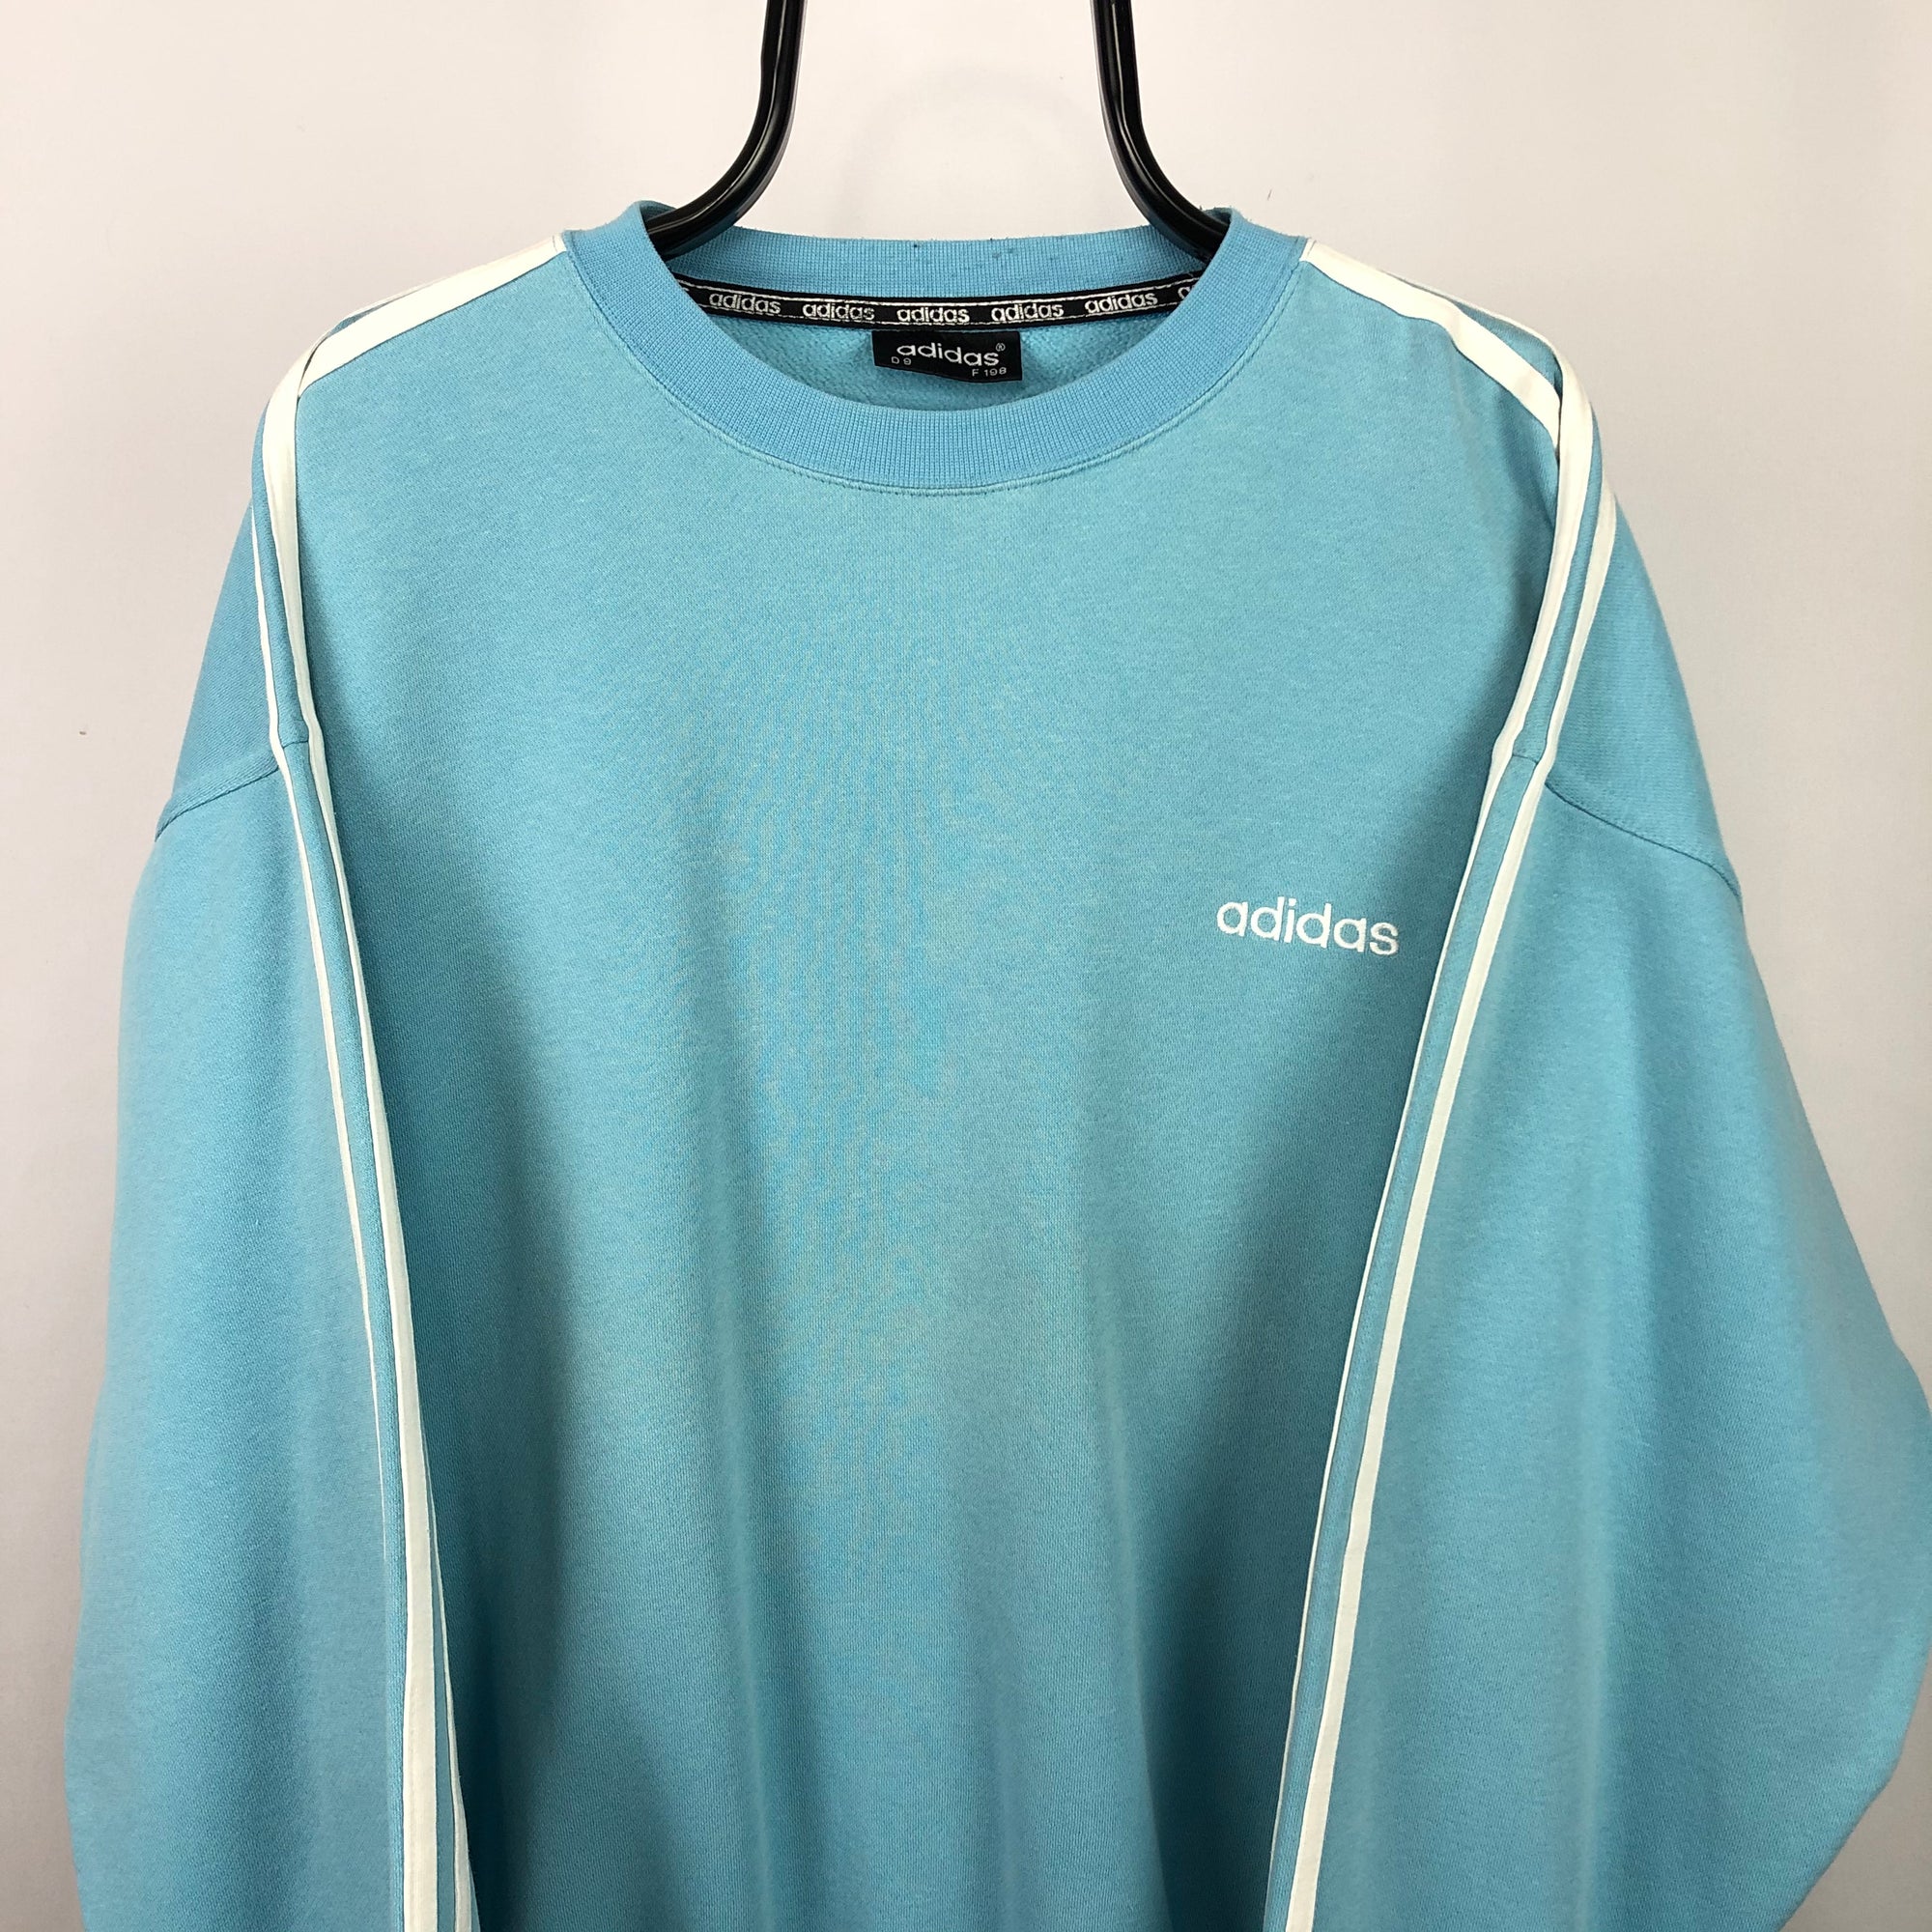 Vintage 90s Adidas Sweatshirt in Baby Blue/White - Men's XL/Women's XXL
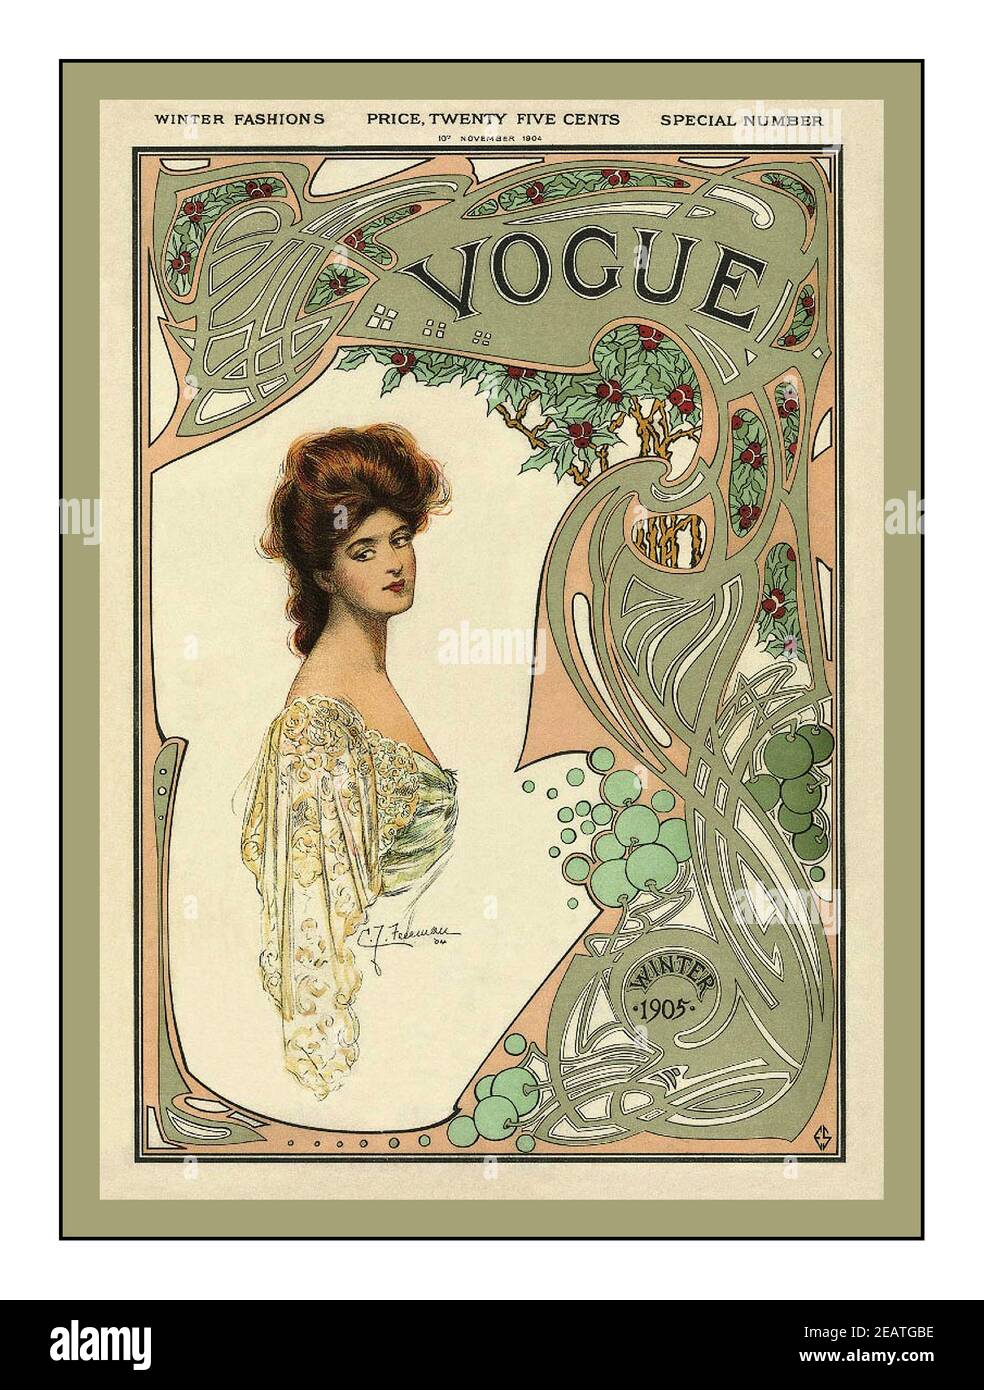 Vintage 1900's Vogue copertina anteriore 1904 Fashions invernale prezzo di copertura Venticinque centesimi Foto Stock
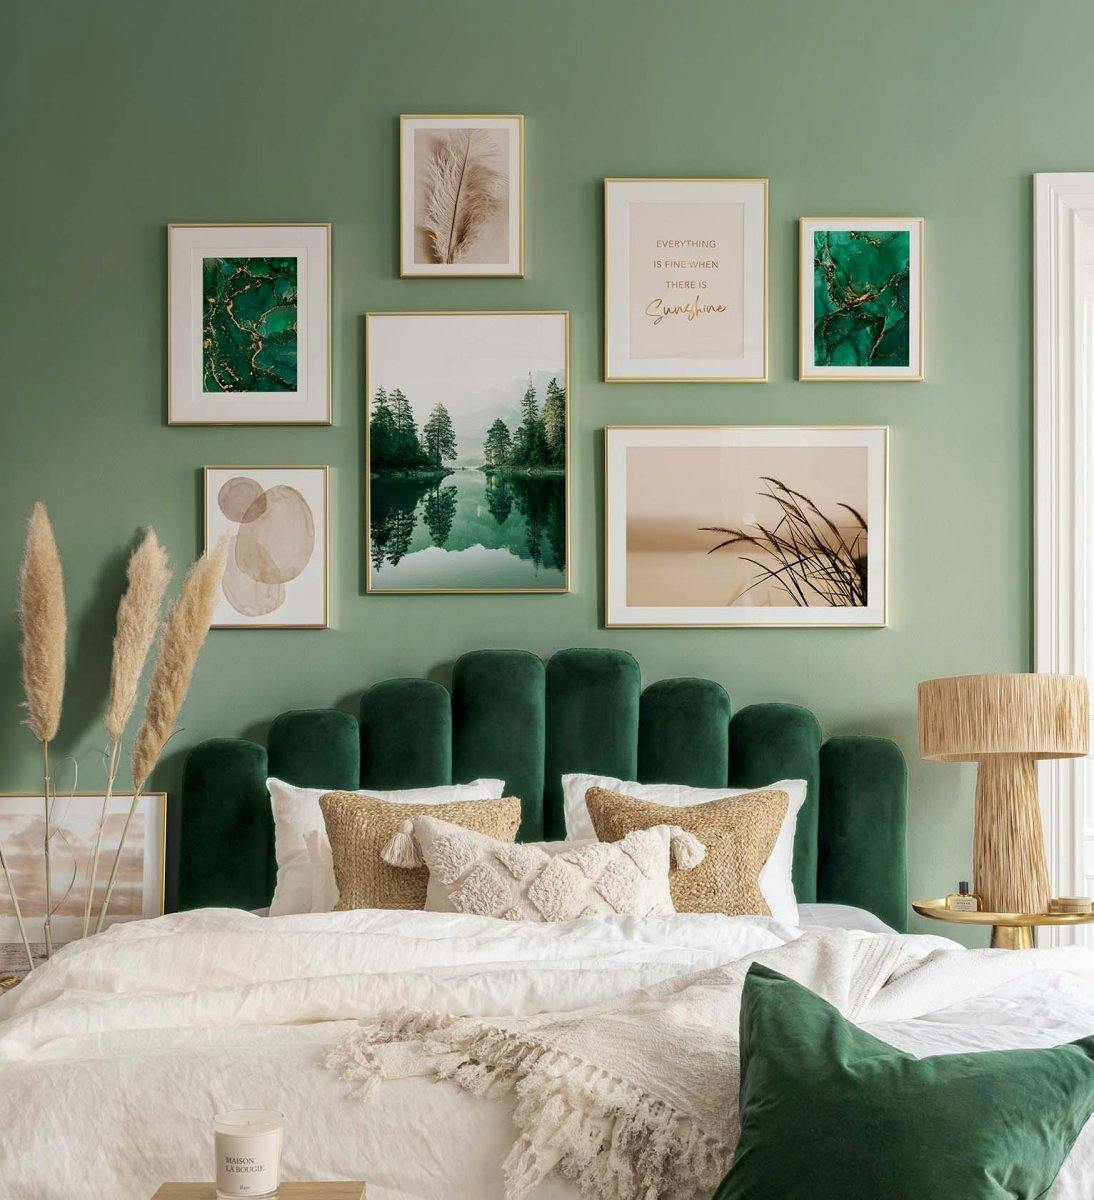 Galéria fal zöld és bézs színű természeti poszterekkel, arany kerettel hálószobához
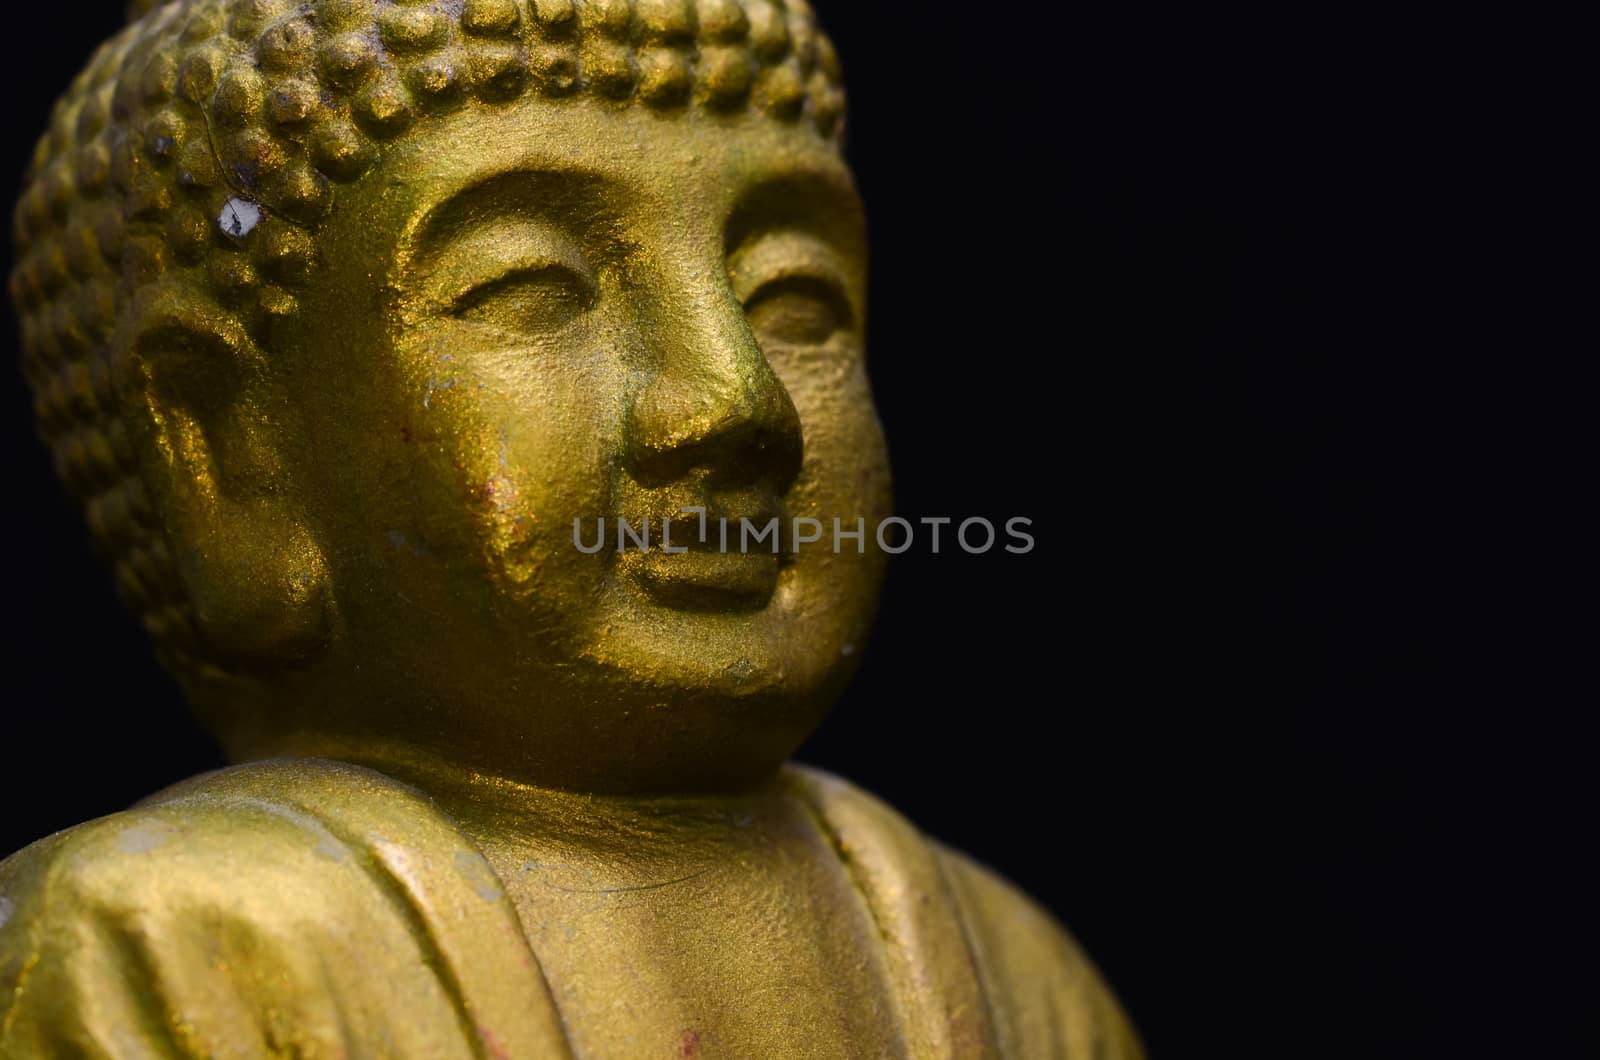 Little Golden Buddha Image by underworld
|---|
▶ **Work order**
Print out all the material above exactly as it appears, omitting the images.

▶ **The completed task**
 Vintage 90s Adidas Sweatshirt in Baby Blue/White - Men's XL/Women's XXL
 Vintage 1900's Vogue copertina anteriore 1904 Fashions invernale prezzo di copertura Venticinque centesimi Foto Stock
 Galéria fal zöld és bézs színű természeti poszterekkel, arany kerettel hálószobához
 Little Golden Buddha Image by underworld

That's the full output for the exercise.